Video yang pertama kali diunggah oleh akun TikTok @kingzadma itu langsung menuai perhatian warganet. Beragam komentar pun bermunculan. Ada yang membela pihak pesantren, tak sedikit pula yang mendukung kemarahan sang ibu. Dalam hitungan jam, video tersebut sudah ditonton lebih dari 108 ribu kali.
Namun, belakangan diketahui bahwa video yang viral tersebut ternyata bukanlah kejadian nyata. Pengasuh Pondok Pesantren Asy-Syarifiy 1, Ahmad Syaifudin Amin, angkat bicara. Ia menjelaskan bahwa video itu sebenarnya adalah bagian dari proses pembuatan film santri di lingkungan pesantren mereka.
Menurutnya, dalam unggahan aslinya sebenarnya sudah ada keterangan atau caption yang menjelaskan bahwa video tersebut merupakan behind the scene atau cuplikan di balik layar pembuatan film. Sayangnya, banyak warganet yang tidak membaca caption hingga akhirnya salah paham dan mengira peristiwa itu benar-benar terjadi.
"Banyak netizen yang salah paham karena tidak membaca caption, dikira ini kejadian sesungguhnya," ujar Amin, Selasa (24/2/2026).
Ia menambahkan bahwa film tersebut sengaja dibuat sebagai media edukasi kepada para wali santri. Tujuannya agar para orang tua tidak terlalu mencampuri kebijakan dan peraturan yang telah ditetapkan oleh pondok pesantren.
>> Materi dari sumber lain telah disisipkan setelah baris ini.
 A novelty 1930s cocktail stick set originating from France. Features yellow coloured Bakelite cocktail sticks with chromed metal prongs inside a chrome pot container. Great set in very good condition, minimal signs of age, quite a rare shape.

Penggundulan rambut sendiri merupakan salah satu sanksi yang memang sudah lama diterapkan bagi santri yang melanggar aturan, seperti kedapatan merokok.
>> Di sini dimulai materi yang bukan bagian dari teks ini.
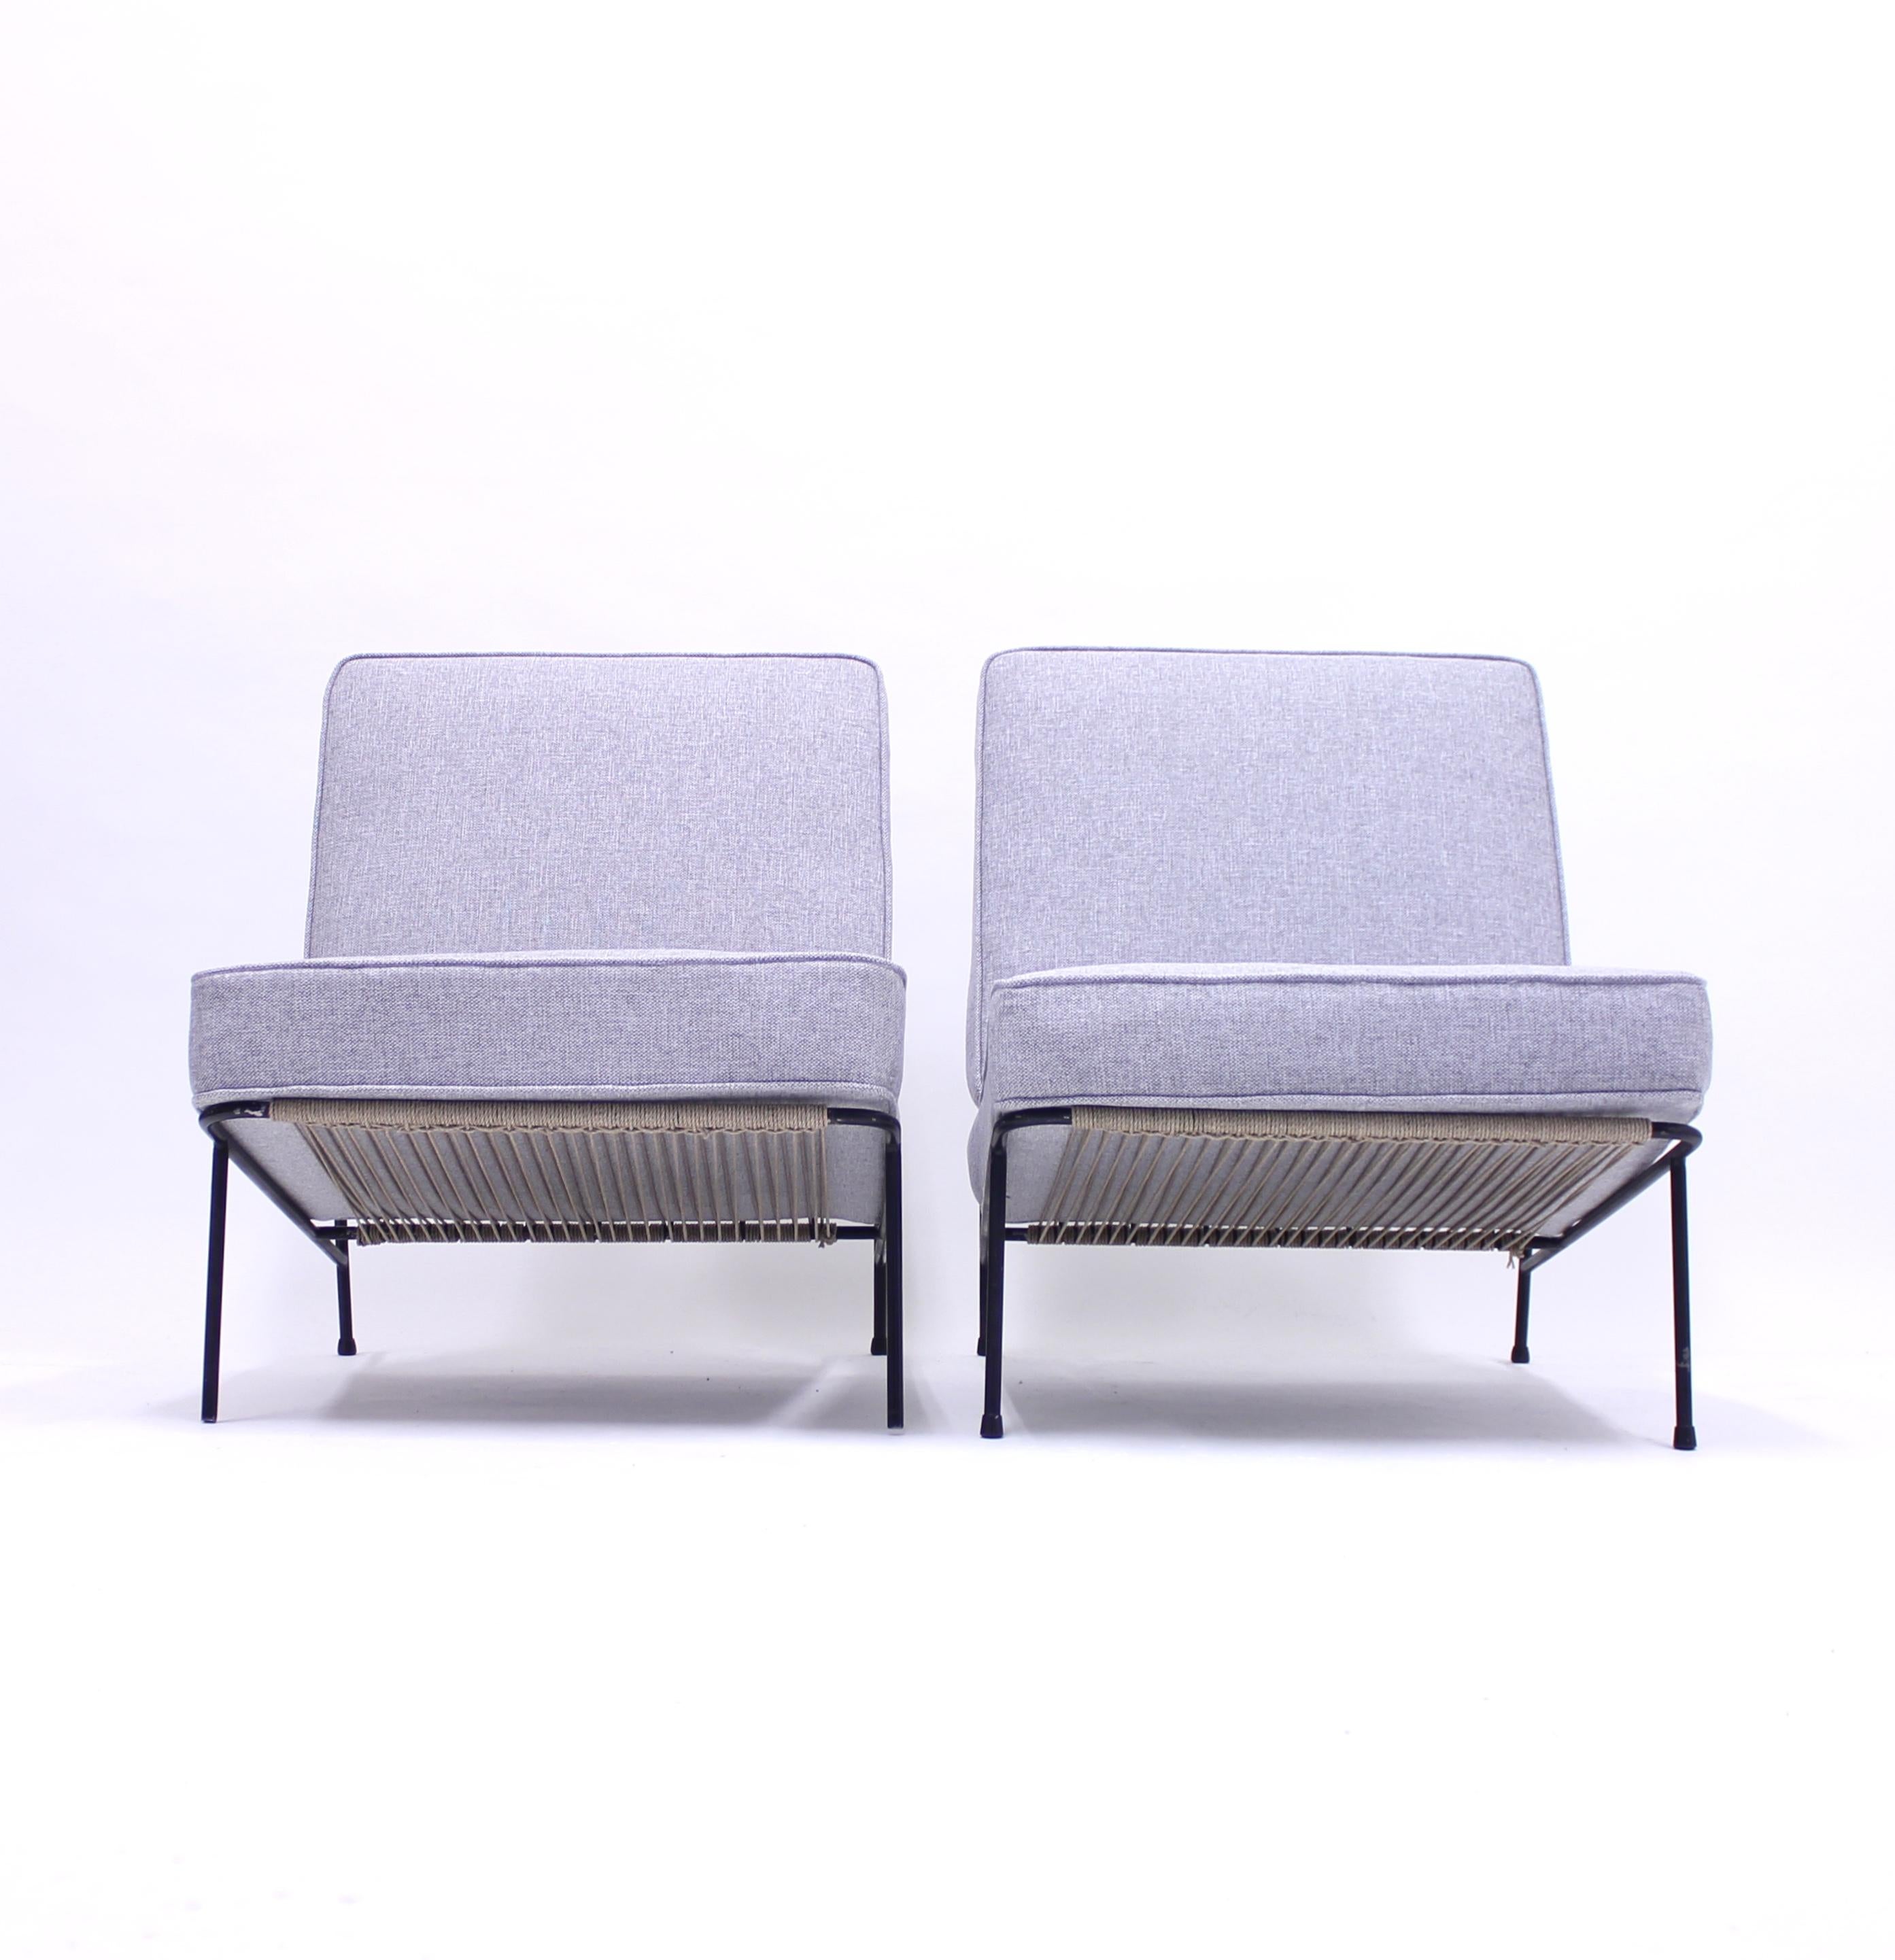 Alf Svensson, Pair of Domus Lounge Chairs, DUX, 1950s For Sale 1

Meski video itu hanya konten, pihak pesantren tetap menyampaikan permohonan maaf apabila unggahan tersebut telah menimbulkan kegaduhan atau kesalahpahaman di tengah masyarakat.
Kejadian ini menjadi pengingat bagi kita semua untuk lebih teliti sebelum mempercayai atau menyebarkan video yang beredar di media sosial. Tidak semua hal yang viral adalah fakta. Terkadang, ada konteks atau keterangan yang terlewat, seperti caption yang tidak sempat terbaca. Akibatnya, persepsi publik bisa keliru dan menimbulkan polemik yang sebenarnya tidak perlu terjadi.
Di era digital seperti sekarang, literasi media menjadi semakin penting. Membaca judul saja tidak cukup. Memastikan kebenaran informasi sebelum bereaksi adalah langkah bijak yang harus dibiasakan.